Textual graph ( $G_{t}$ ) is constructed with textual features based on chart elements. The graph has two types of nodes: label nodes and OCR nodes. Following scene graphs (Wu et al., 2023; Yoon et al., 2023; Shukla et al., 2023), each label node represents an object’s label predicted by Mask R-CNN. Label nodes are connected based on the chart semantics. The x/y axis title connects to the x/y axis labels representing x/y axis values. X/Y axis labels connect to lines, bars, or dot lines if their bounding box values overlap on longitude/latitude, indicating value ranges of the latter. Legend labels connect to the closest legend marker to show the former, which is the label of chart elements with the same colour as the legend marker. Pie charts connect to all slices, representing the whole-part relationship, while pie labels connect the nearest pie slice to show the former is the latter’s label. OCR nodes represent the OCR text extracted from non-shape objects such as the title and x-axis label. Following Methani et al. (2020), we utilise the open-sourced Optical Character Recognition (OCR) model Tesseract²²2https://github.com/tesseract-ocr/tesseract to extract texts from the cropped image of each detected object. These OCR nodes are linked to their corresponding label nodes. This allows the textual graph to capture not only the OCR texts from charts but also the relationships between the underlying data and objects. All nodes in the semantic graph are initialised with the Mean of BERT (Devlin et al., 2019) embeddings of the text they represent. Given the graphs $G_{v}$ , $G_{t}$ , visual features $V$ , and textual features $T$ that have been projected to the same space as $V$ , we obtain graph representations $H_{v}=G_{v}(V)$ and $H_{t}=G_{t}(T)$ using GCN (Kipf and Welling, 2017). Afterward, we concatenate the graph representations of the same object to combine the structural and semantic information, for example in Fig. 2, the nodes from visual and textual graph representing the dark blue pie slice and concatenated together. We then utilise the multilayer perceptron with the ReLU activation function to project the concatenation into the space of the hidden states of the backbone model as $H_{G}$ .
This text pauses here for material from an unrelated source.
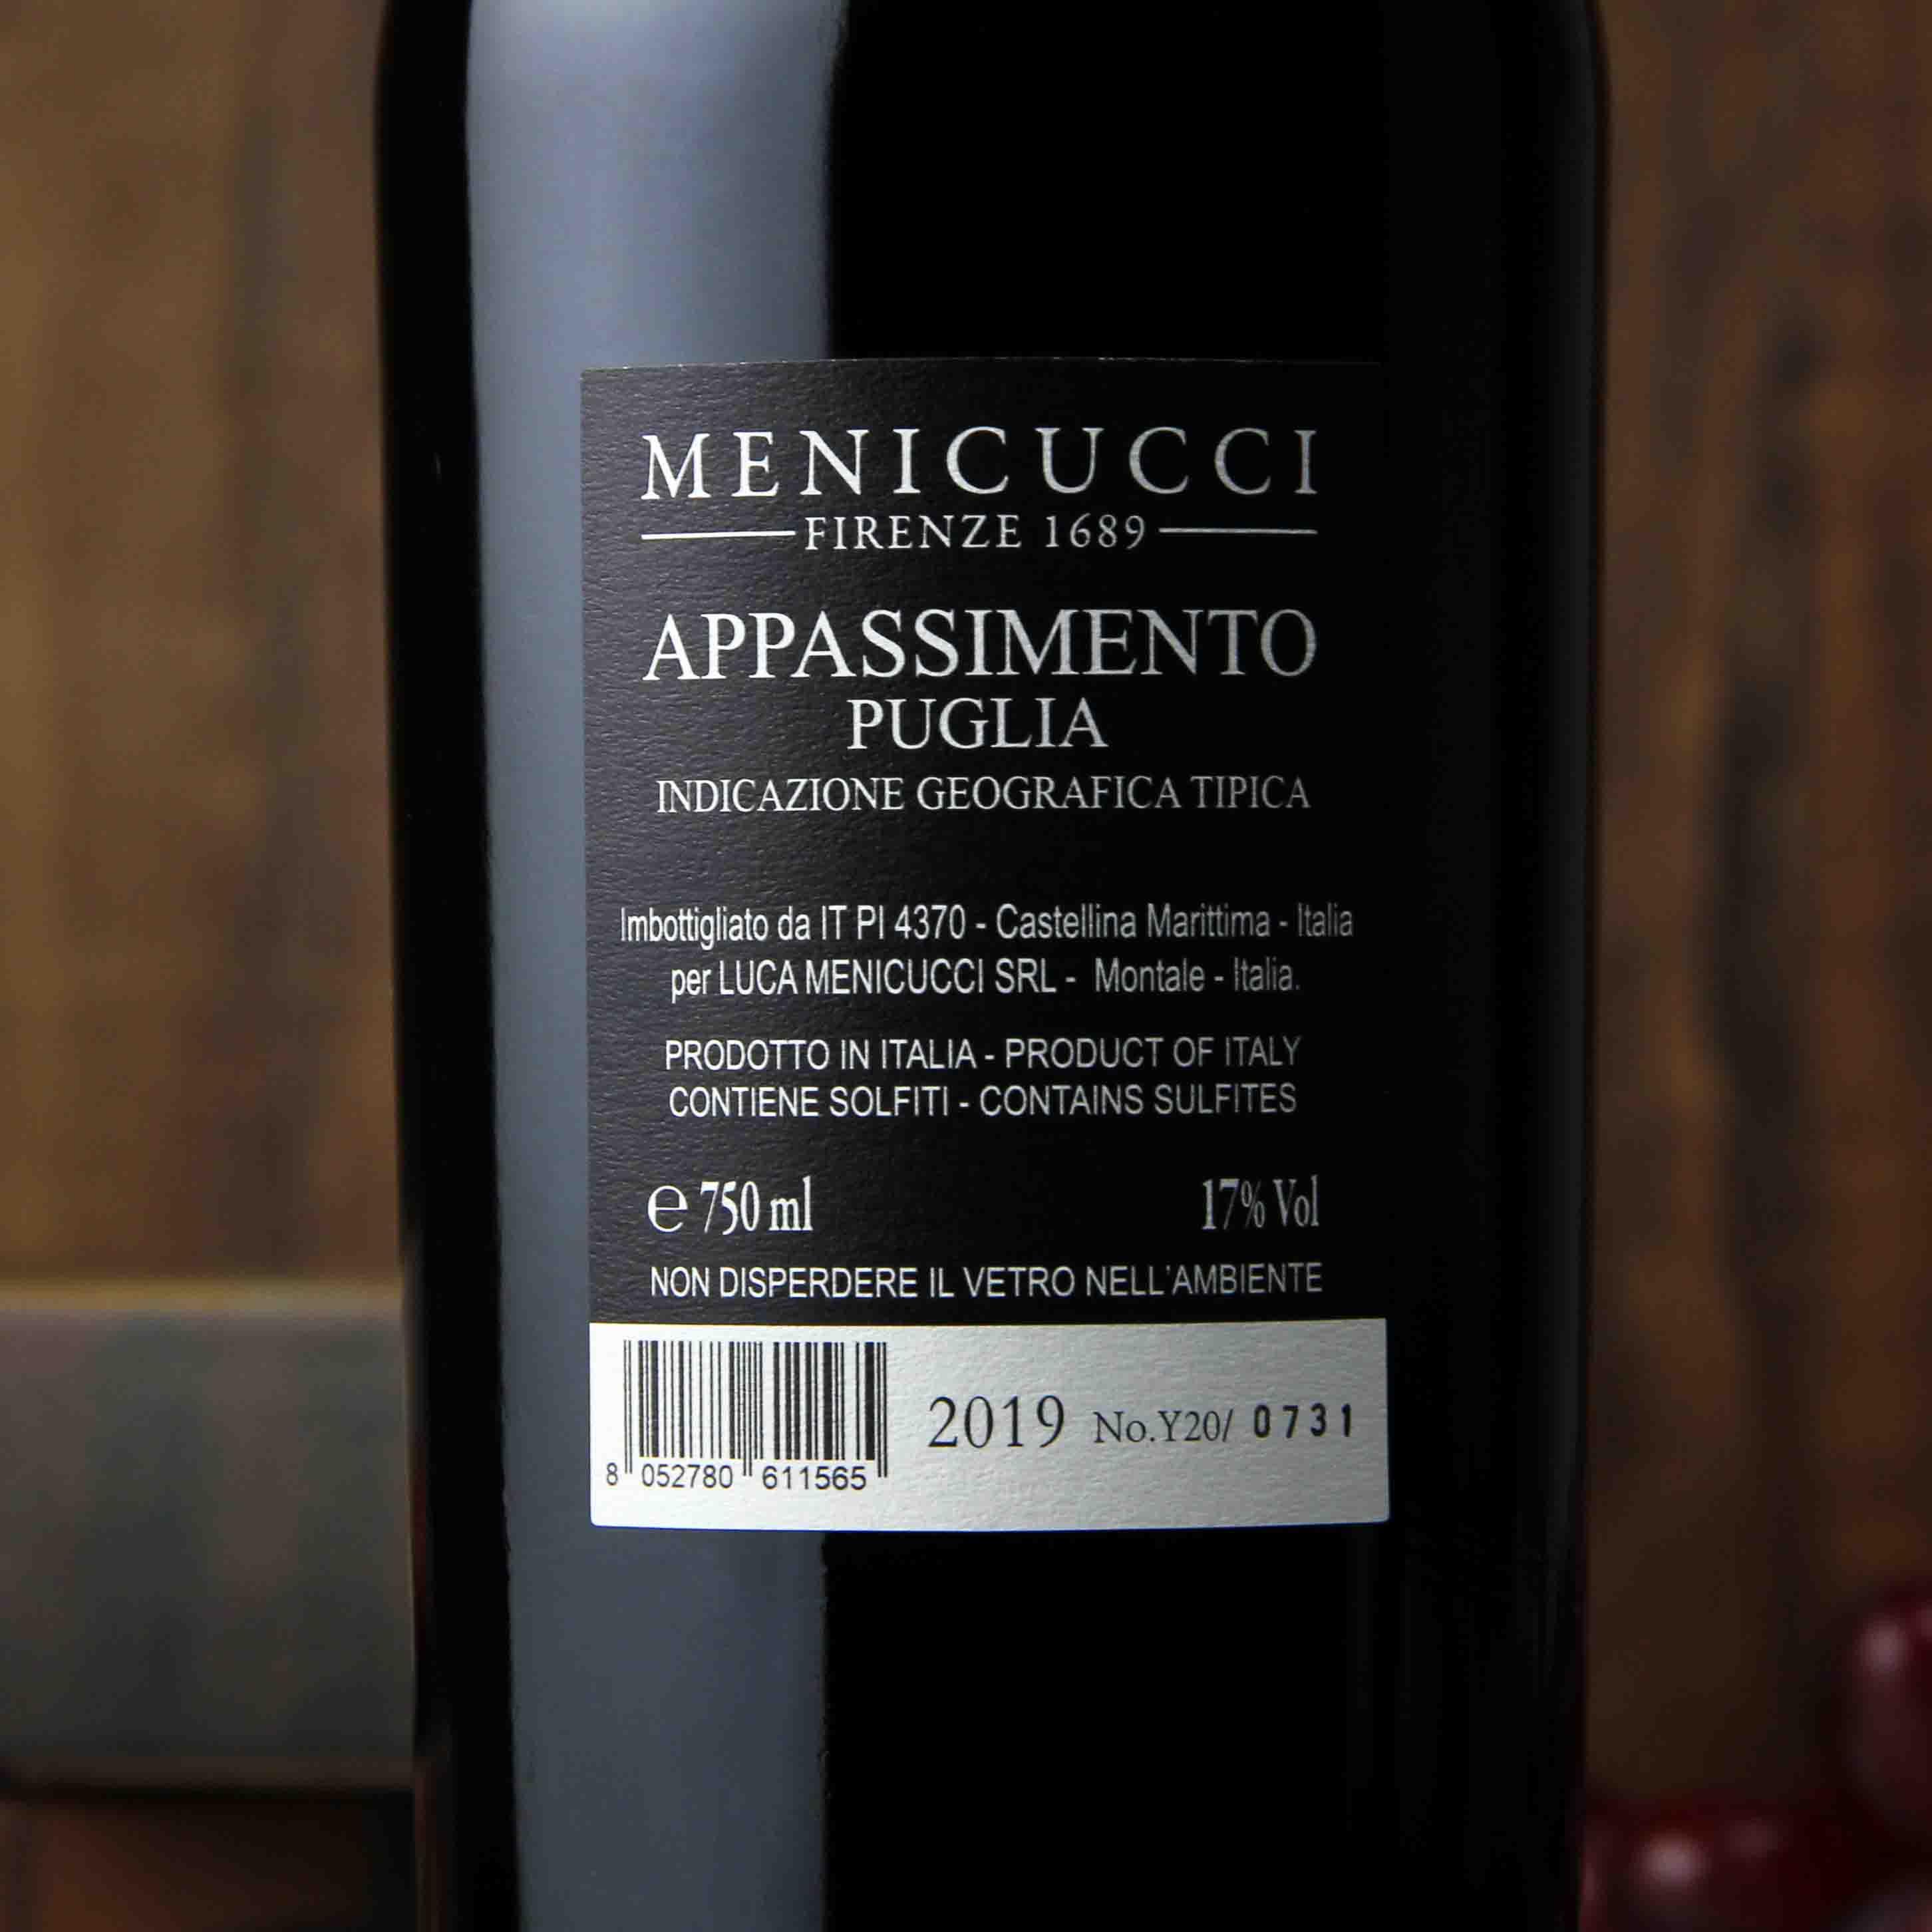 意大利普利亚男爵古奇风干葡萄酒红酒

2.2. Graph Integration and ChartQA

Inspired by (Li et al., 2023), we inject the graph representation as the inductive bias to the backbone model. We ensure that our proposed multimodal scene graph module functions can be a general plug-in component without substantially modifying the backbone model. Hence, we integrate the graph module between the encoder and text decoder. We tested our methods on the following two types of backbone models, Vision Encoder-Text Decoder (UniChart(Masry et al., 2023)) and Multimodal Encoder-Text Decoder (VL-T5(Cho et al., 2021)).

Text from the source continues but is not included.